SeedArc research goals

Seed germination plays a central role in plant regeneration, species distributions, and ecosystem dynamics. Yet despite decades of experimental work, most germination data remain scattered across publications, laboratories, and personal archives, limiting their reuse for large-scale synthesis.

SeedArc was created to address this gap by compiling primary seed germination data — the raw outputs of controlled experiments linked to geo-referenced seed collections — into a global, community-driven research platform.

By focusing on primary data rather than derived traits, SeedArc enables flexible, reproducible analyses across species, populations, biomes, and experimental designs.

Our goal is to build a living research infrastructure that supports comparative studies of seed germination at multiple biological scales, from intraspecific variability to global macroecological patterns.

Our research program focuses on four interconnected goals.


1. Mapping the global seed germination spectrum

We aim to describe how seed germination strategies vary across the world’s flora, identifying major axes of variation in germination probability, timing, synchrony, and dormancy.

By integrating SeedArc data with functional traits, phylogeny, and biome information, we seek to understand how germination strategies relate to plant form, life history, and ecological niches.

A central question is whether seed germination represents an independent axis of plant functional diversity.


2. Linking germination strategies to environmental gradients

SeedArc enables analyses of how germination responses are shaped by climate, disturbance regimes, and habitat conditions.

We investigate:

  • How temperature and moisture regimes constrain germination strategies
  • How germination traits vary across biomes and ecoregions
  • How past, current, and projected climates influence regeneration from seeds

These analyses provide insight into plant responses to environmental filtering and climate change.


3. Understanding intraspecific variability and evolutionary patterns

Because SeedArc stores data from individual seed lots and populations, it allows exploration of variation within species.

We examine:

  • The extent of intraspecific variability in germination traits
  • Environmental drivers of phenotypic plasticity and dormancy
  • Macro-evolutionary patterns of germination strategies across lineages

This supports research on adaptation, evolvability, and diversification.

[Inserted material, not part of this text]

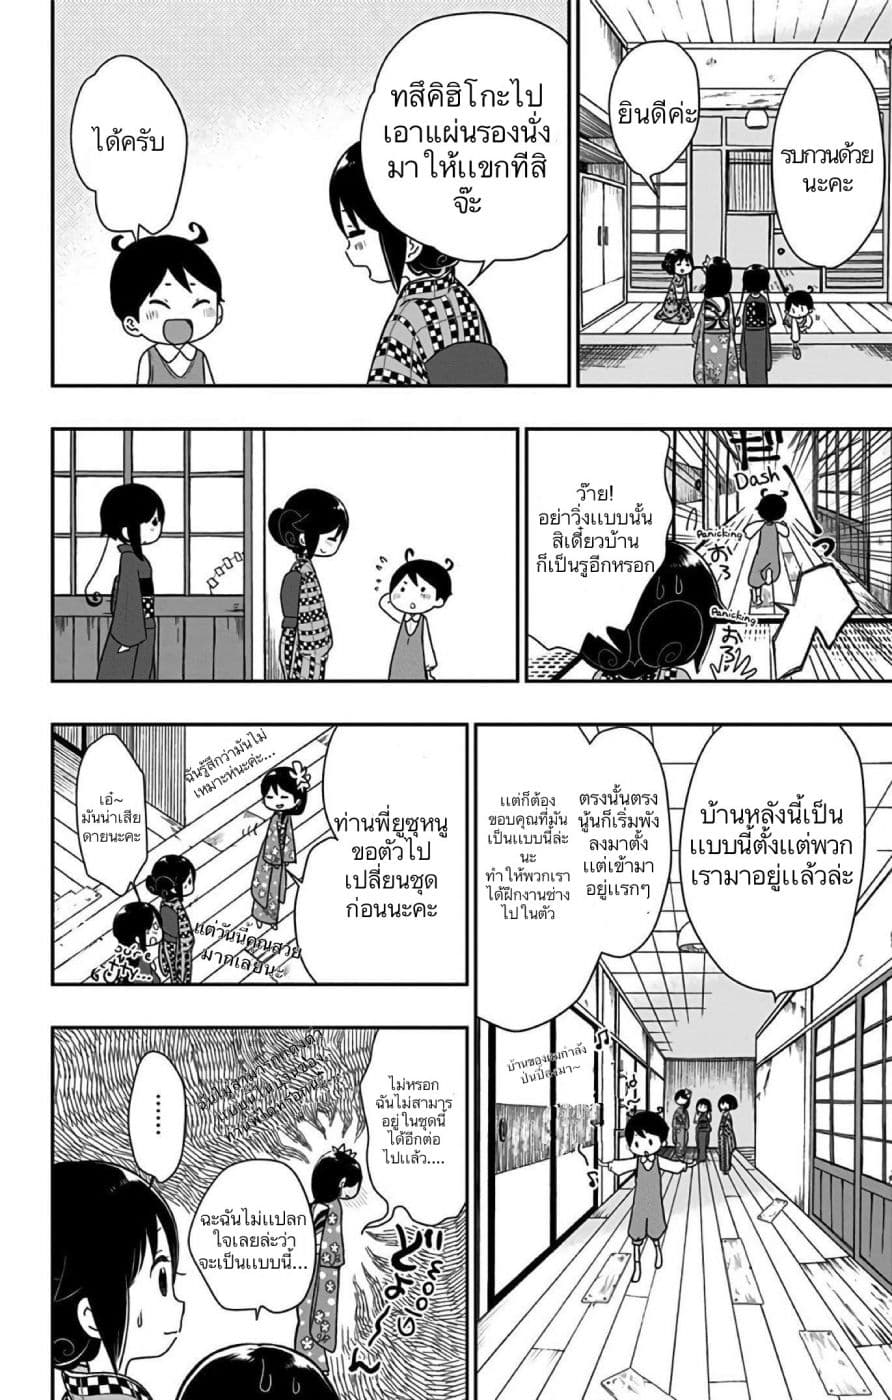 Shouwa Otome Otogibanashi เรื่องเล่าของสาวน้อย ยุคโชวะ ตอนที่ 16 (2)
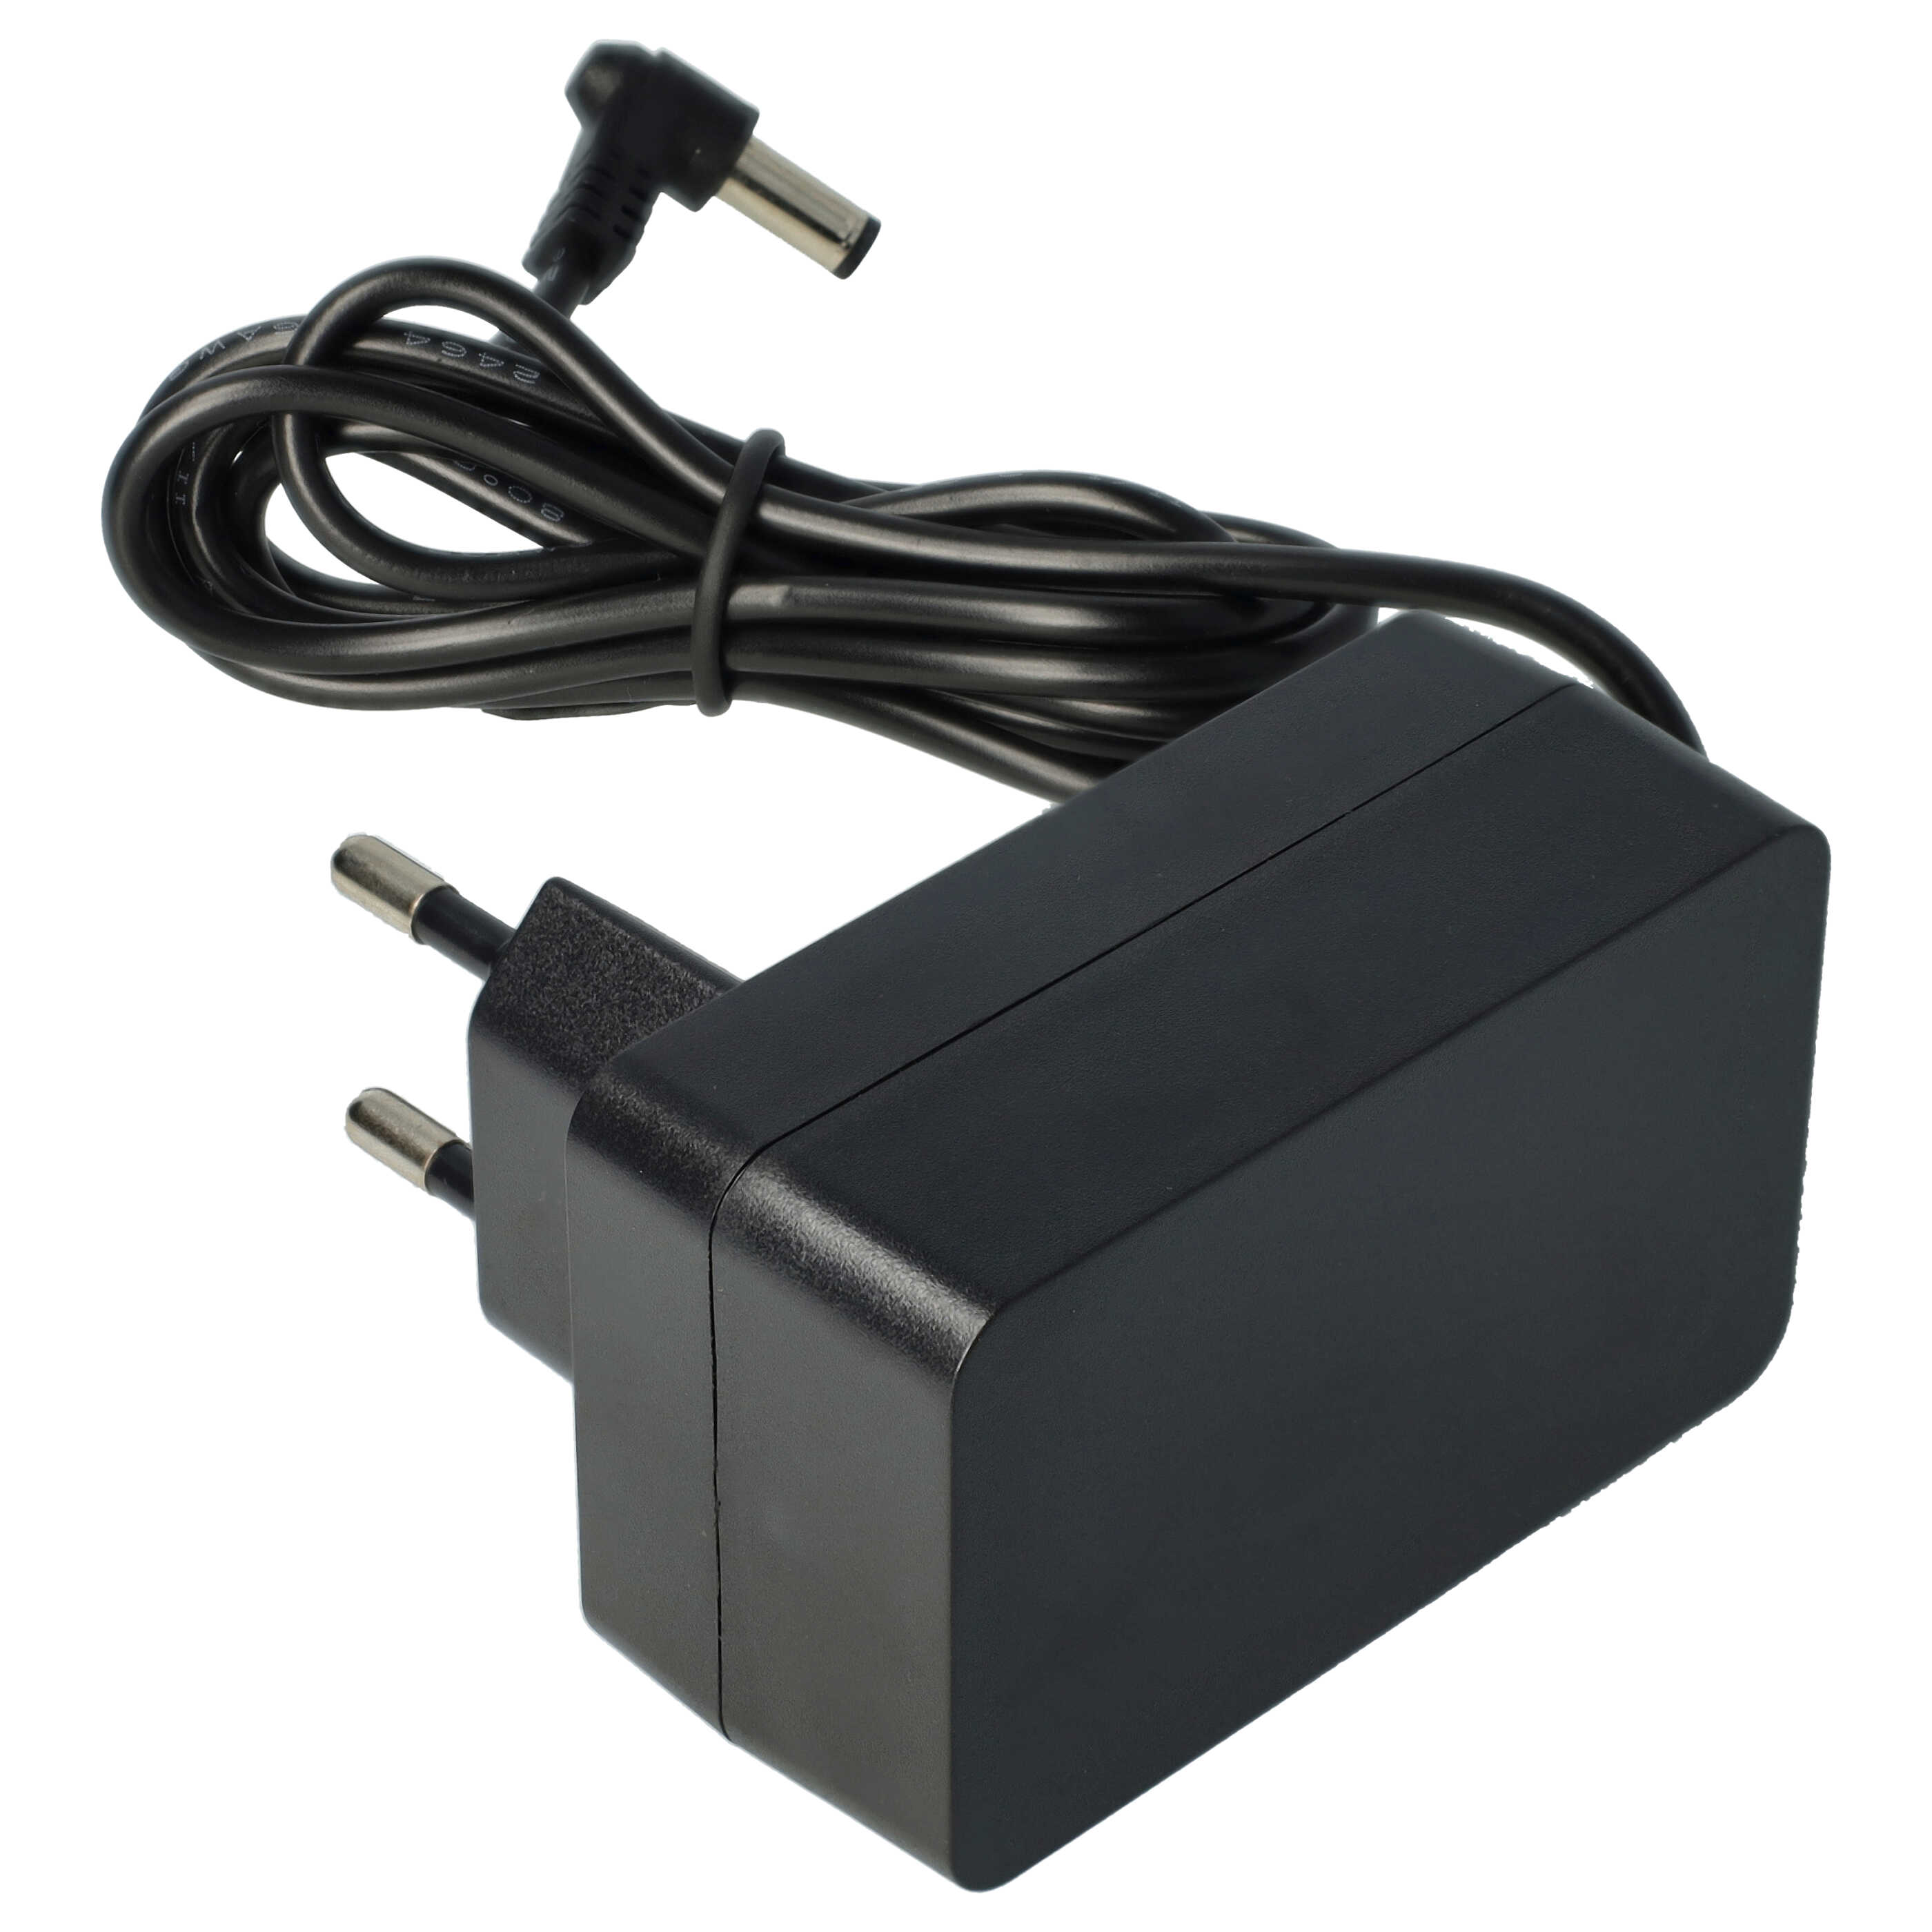 Chargeur remplace Tineco YLS0241A-E260080 pour aspirateur sans fil, à main Tineco

4. Advancing reproducible and collaborative seed ecology

Beyond specific ecological questions, SeedArc addresses methodological challenges in germination research by:

  • Promoting standardized reporting of germination experiments
  • Supporting open-access derived datasets from all SeedArc projects
  • Encouraging contributor-led analyses and shared authorship
  • Developing workflows for large-scale synthesis of primary germination data

SeedArc is designed as an open research platform where data contributors can propose projects, participate in analyses, and lead publications.


From data to discovery

SeedArc research is organized through collaborative SeedArc projects initiated by contributors and coordination team members. Each project defines its scientific objectives, analytical workflow, and authorship following SeedArc data management rules.

Our long-term vision is to integrate seed germination data into global plant trait and biodiversity frameworks, advancing predictive models of plant regeneration under environmental change.